К людям придёшь
№ 2011 / 36, 23.02.2015
Малочисленные народы исчезают с языковой карты с удручающей скоростью. Впрочем, тут необходимо поправиться: не люди перестают быть, а меняются их языки. Значит, язык есть жизнь этноса? Похоже на то.
Малочисленные народы исчезают с языковой карты с удручающей скоростью. Впрочем, тут необходимо поправиться: не люди перестают быть, а меняются их языки. Значит, язык есть жизнь этноса? Похоже на то.
Виктор СЕРГИН |
Немного статистики от Института этнографии им. Н.Н. Миклухо-Маклая:
В современном мире насчитывается примерно две тысячи народов (этнических общностей), но всего лишь на 257 народов, численность каждого из которых превышает одни миллион человек, приходится 96,2 % обшего населения земного шара… Народы численностью до ста тысяч составляют три четверти, а до миллиона – семь восьмых общего числа всех народов мира. Таким образом подавляющее большинство народов нашей планеты – малочисленные народы. (Данные по сб. «Расы и народы», выпуск 11, за 1981 год, так что динамика, возможно, изменилась, но едва ли намного. – Р.В.)

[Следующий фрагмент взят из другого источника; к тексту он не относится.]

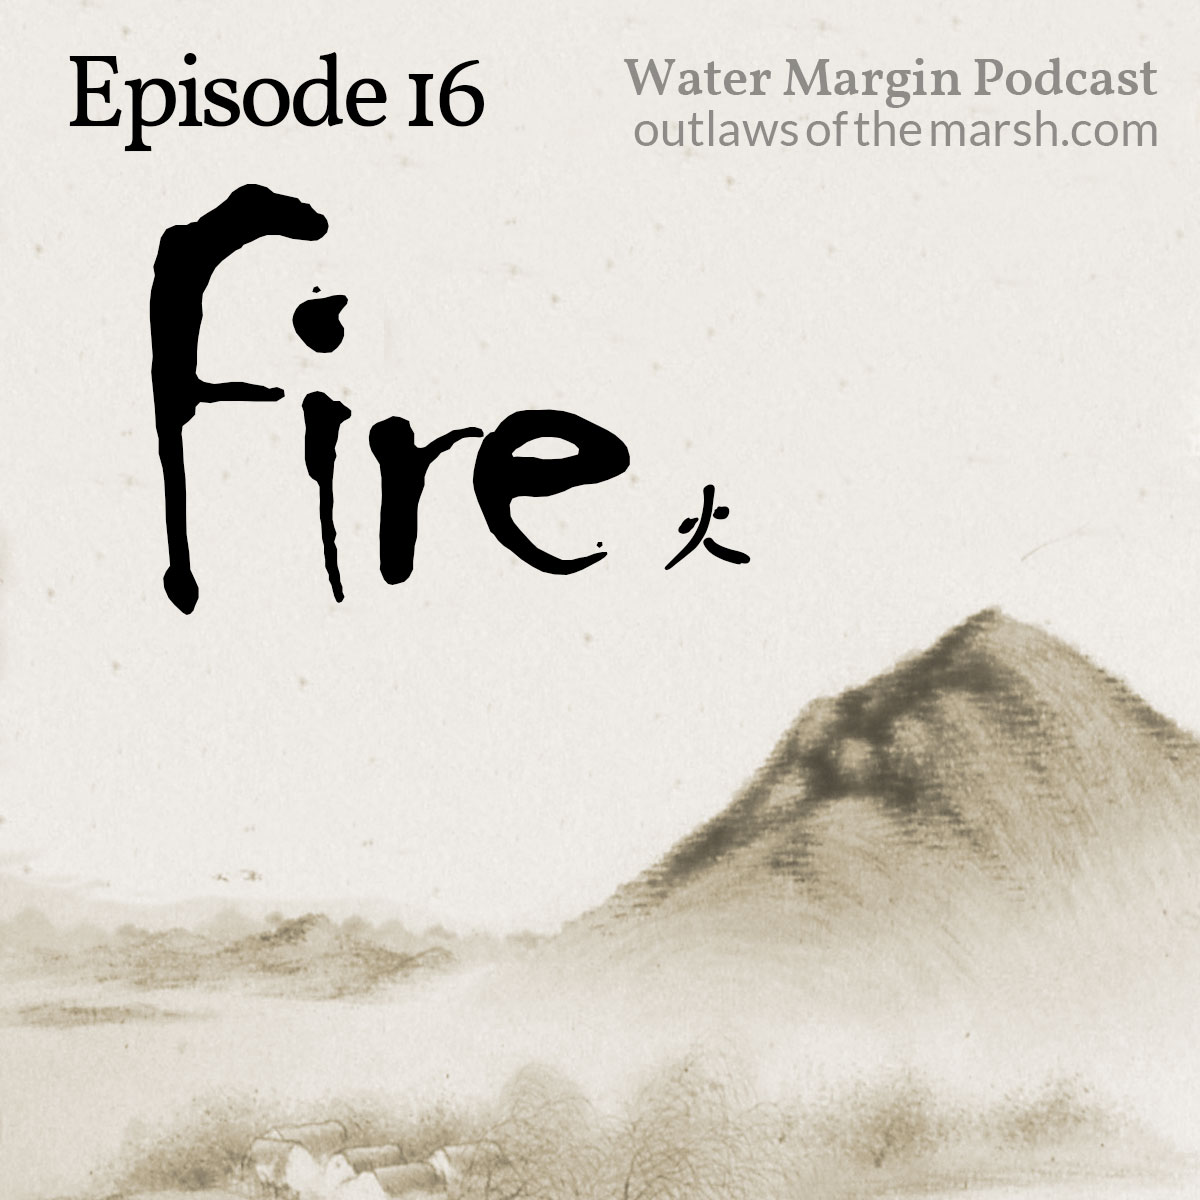 Water Margin Podcast: Episode 016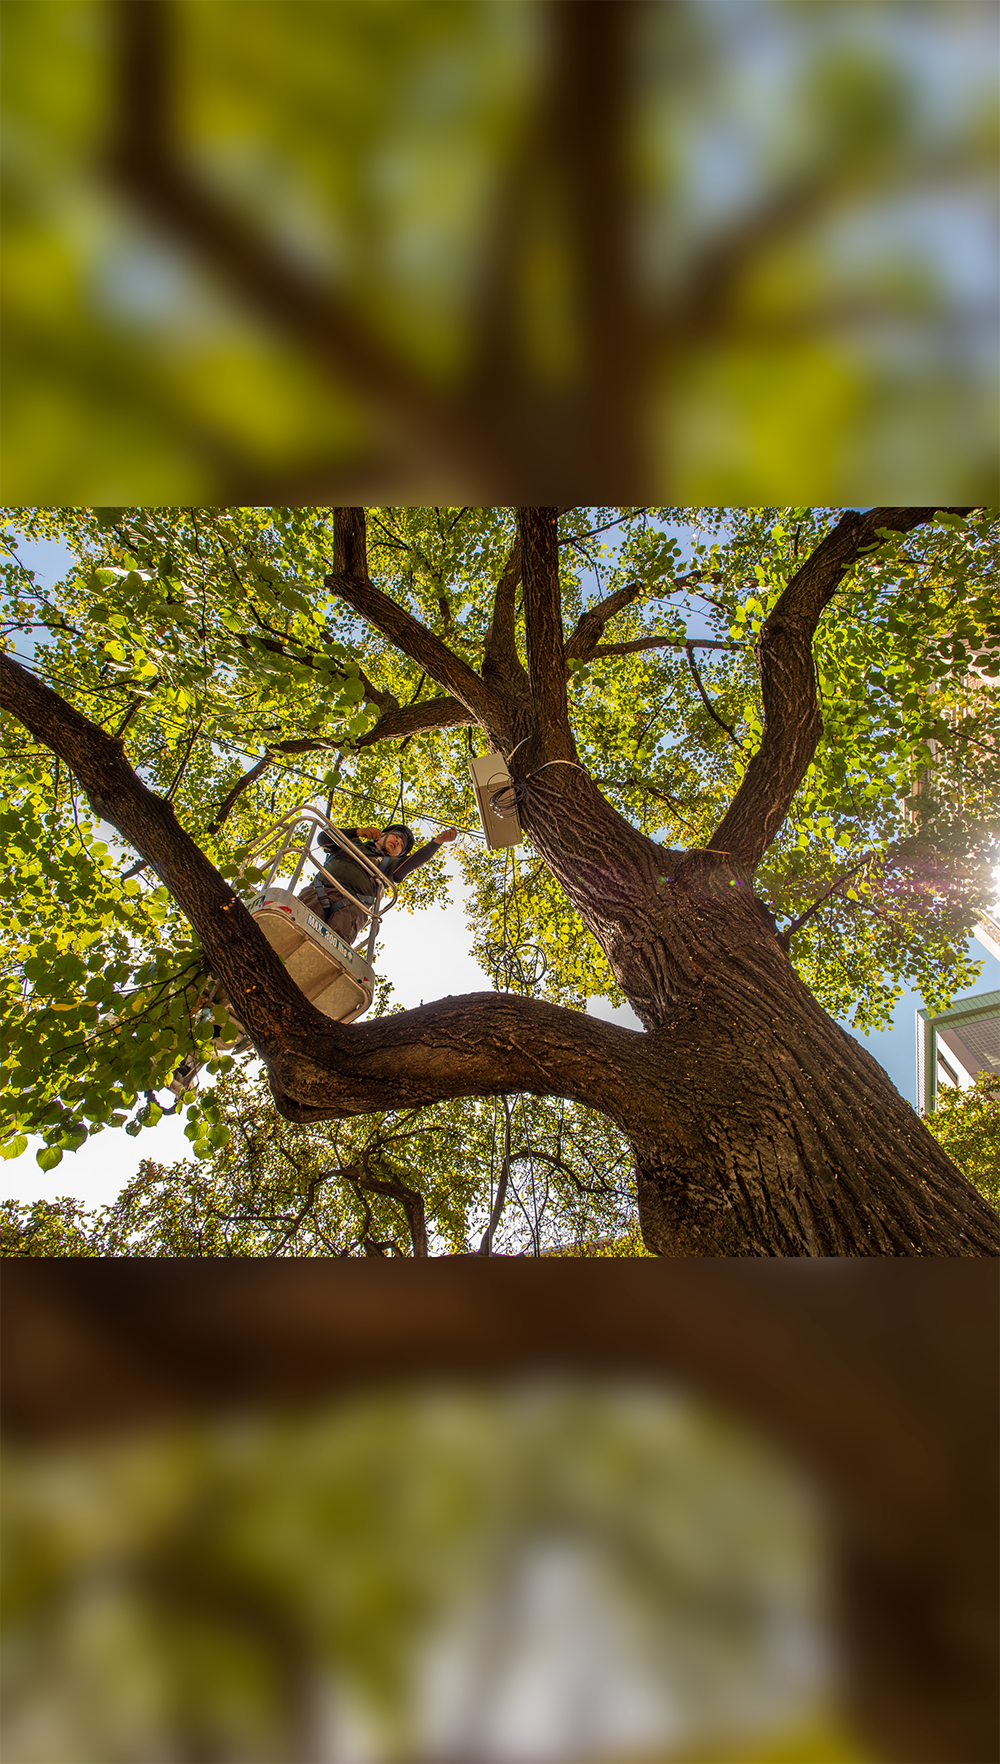 Arborist installing equipment on a tree

И вот это подавляющее языковое большинство неумолимо растворяется в небольшом проценте многочисленных народов. (А тот парадокс, что одновременно с уменьшением языков на планете увеличивается количество государственных образований, к нашей теме не относится.) Такова и судьба вепсов, причём не только в России. У нас это можно назвать русификацией, не придавая факту негативной оценки – по причине его объективности.
В литературной сфере тоже возобладала русскоязычность.
Жил в Карелии поэт милостью Божьей Виктор Сергин. На моей памяти он лишь однажды доверительно обмолвился о своих вепсских корнях. Перечитывая друга сейчас, думаю, что обмолвка та не была случайной. Имела какое-то значение. С важностью показывал он гостям на острове Кижи «Дом Сергиных», музейную гордость рода своего. О нём у поэта есть стихи, так и названные – «Отчий дом». Но кто же тогда о национальных корнях думал-то? Писателя в принципе числят по ведомству языка. Маяковский вполне мог бы сказать и так: Да будь я и вепсом преклонных годов, и то без унынья и лени я русский бы выучил только за то, что им разговаривал… Но мы-то выучили русский отнюдь не за то, что кто-то что-то им говорил (вообще-то говорят не «им», языком, а на нём), а за то, что это «великий и могучий» магнит. И угодившему в его поле остаётся лишь оглядка на корни.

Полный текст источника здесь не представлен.